On a flight from Tel Aviv to New York some time later, I found myself seated next to my cousin Moishe, an anthropologist at a prestigious Israeli University. An extreme leftist, Moishe advocates, among other positions, an annual commemoration of the Nakba (the Palestinian defeat in 1948).
I soon found myself being lectured on Israel’s demographic imperative to immediately and unilaterally evacuate Judea and Samaria.
Forget the damn Territories, I pounced in counterattack: what did my cousin suggest doing about the demographic time bomb ticking within the sovereign borders of Israel itself? Arabs constitute one in five Israelis. What happens, I wondered, when they are, say, one in three?
Moishe responded with demurral: Israeli Arabs pose no problem.
Leftists have long decried the demographic quandary awaiting Israel if she continued to hold on to the West Bank. Today, few contest the notion that Arabs will eventually outnumber Jews in the land between the Mediterranean Sea and the Jordan River.
But what of the Arab population within Israel proper? As Hillel Halkin noted in the January issue of Commentary, “any talk of an Arab demographic problem (in Israel itself) is forbidden. Political correctness compels the Jewish left to side with Israel’s Arab politicians and intellectuals, who have insisted that Jewish concern about the matter is illegitimate.”

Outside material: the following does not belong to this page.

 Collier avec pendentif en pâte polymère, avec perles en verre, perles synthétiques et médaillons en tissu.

Unfortunately Israel’s mainstream leadership and its allies have failed to forcefully counter the questions raised by Israel’s opponents: can a self-described liberal democracy ignore the aspirations of a large proportion of its population by insisting on identifying itself as an exclusively Jewish state? How can Hatikvah be the national anthem of a country where a large proportion of the citizenry have no “yearning Jewish soul”, don’t identify with the Star of David, or have no “right of return”?
Whatever one may think of him, the late Meir Kahane wasn’t intimidated by the dilemma: either Israel is democratic, he said, or it’s Jewish; ultimately, he continued, it couldn’t remain both — that is, unless Israel expelled its Arabs.

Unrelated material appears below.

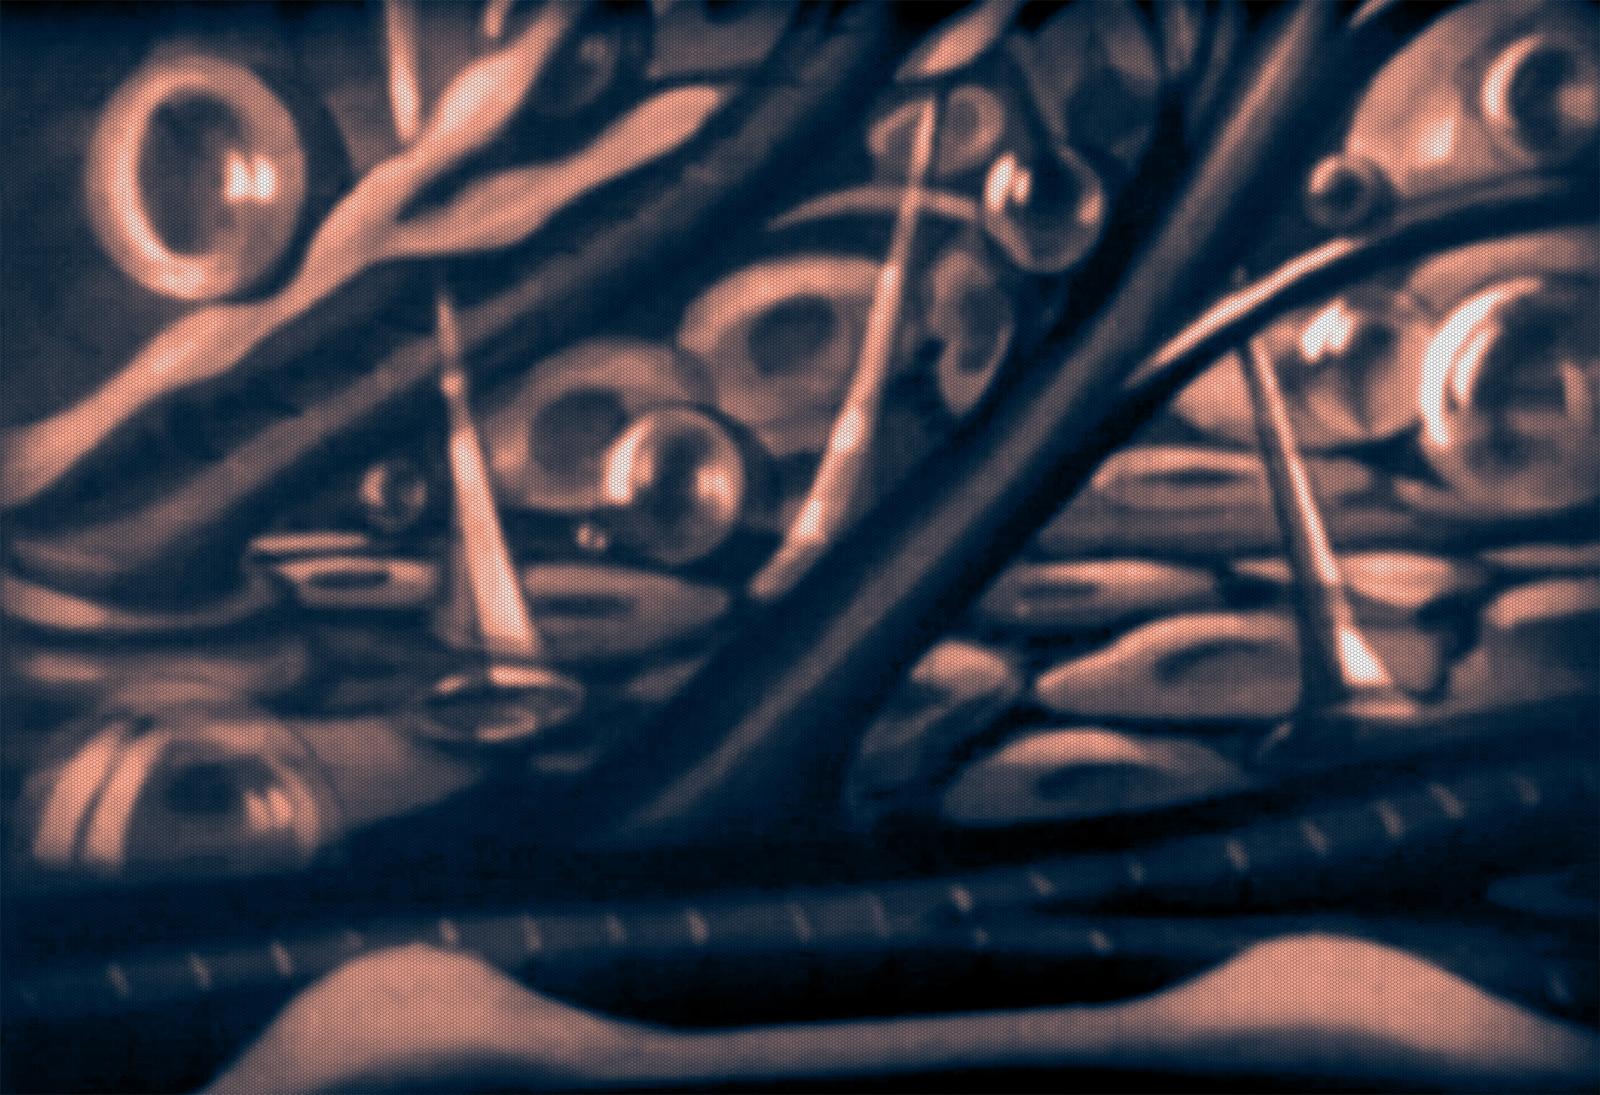 Edgar Ulmer's Canon of Cinema Contagion

Aside from expulsion, creative solutions to the demographic problem have been floated. Halkin and others have proposed that Jews on both sides of the pre-1967 border would become citizens of Jewish Israel, while Arabs on either side of the same line would become Palestinian nationals, allowing Israel to drop the vast majority of Arabs off its ledger. Then again, such a proposal presupposes the creation of a Palestinian state beside Israel.
Another idea involves border shifts. The Triangle, a region south east of Haifa containing the bulk of the country’s Arabs, would be detached from Israel and annexed to the Palestinian Authority whose territory it conveniently abuts. Meanwhile the Jewish blocs in Judea and Samaria would shift to Israeli sovereignty.

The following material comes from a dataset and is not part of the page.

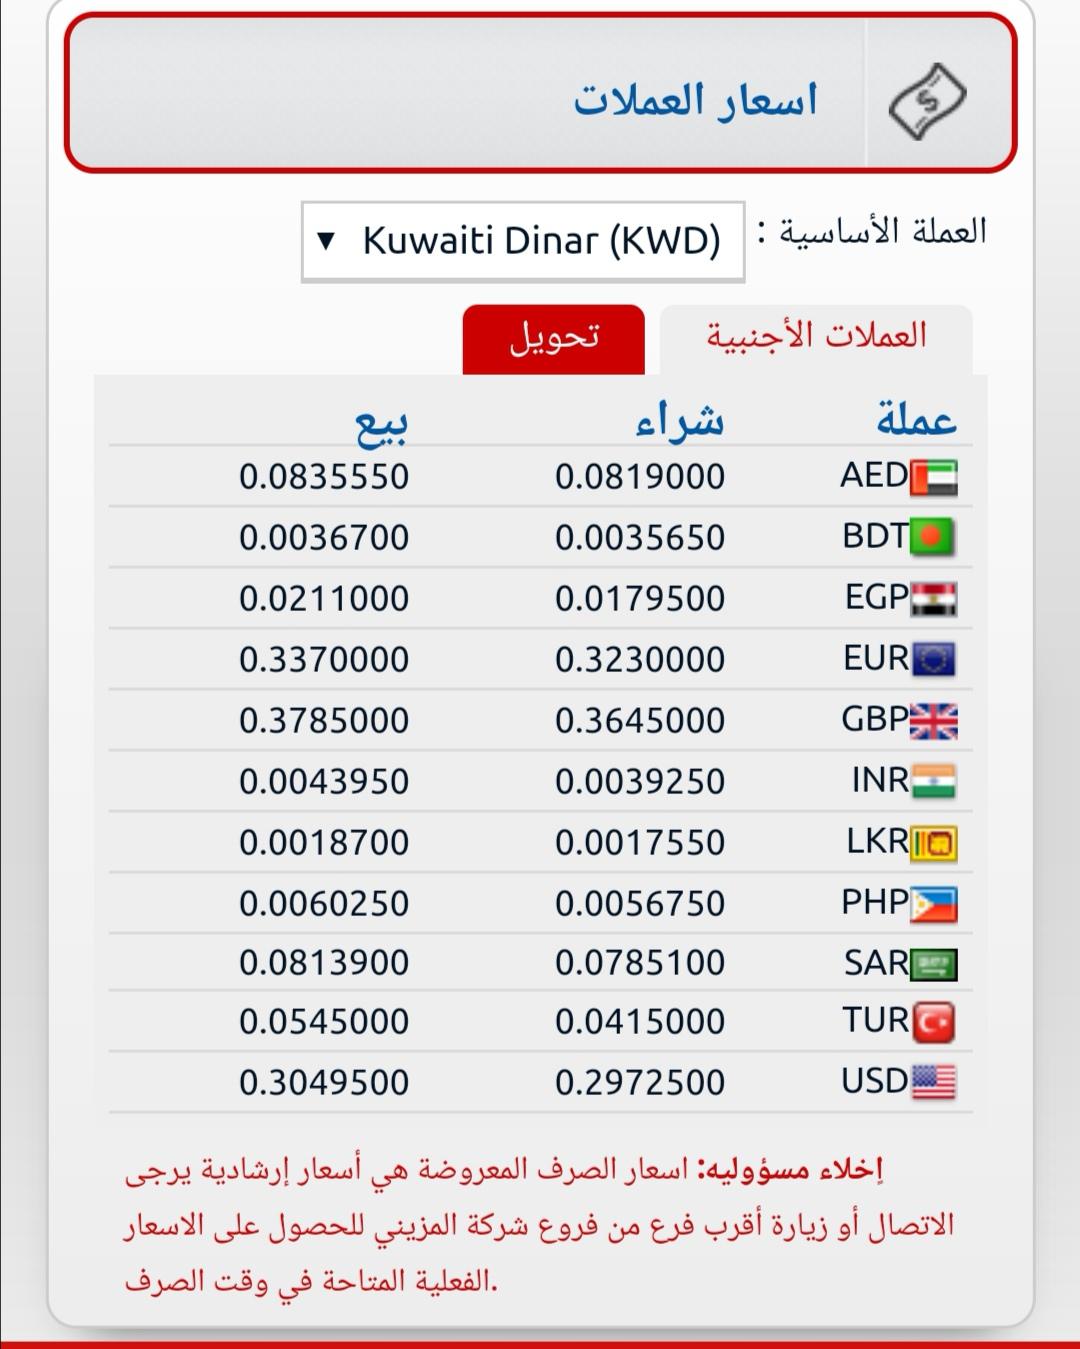 سعر الالف المصري في صرافة المزيني اليوم سعر تحويل العملات بالكويت

Unfortunately such fancy proposals won’t fly for one reason: Israeli Arab leaders aren’t interested in resolving Israel’s demographic problem. They’d much prefer that it fester far into the future so that the prophecy scrawled on that Galilean shed a generation ago, may one day materialise.
So what then is the solution? Barring unforeseen miracles, mass Jewish immigration to Israel by the hundreds of thousands remains the only viable way of ensuring that the Jewish state’s future does in-fact remain ours.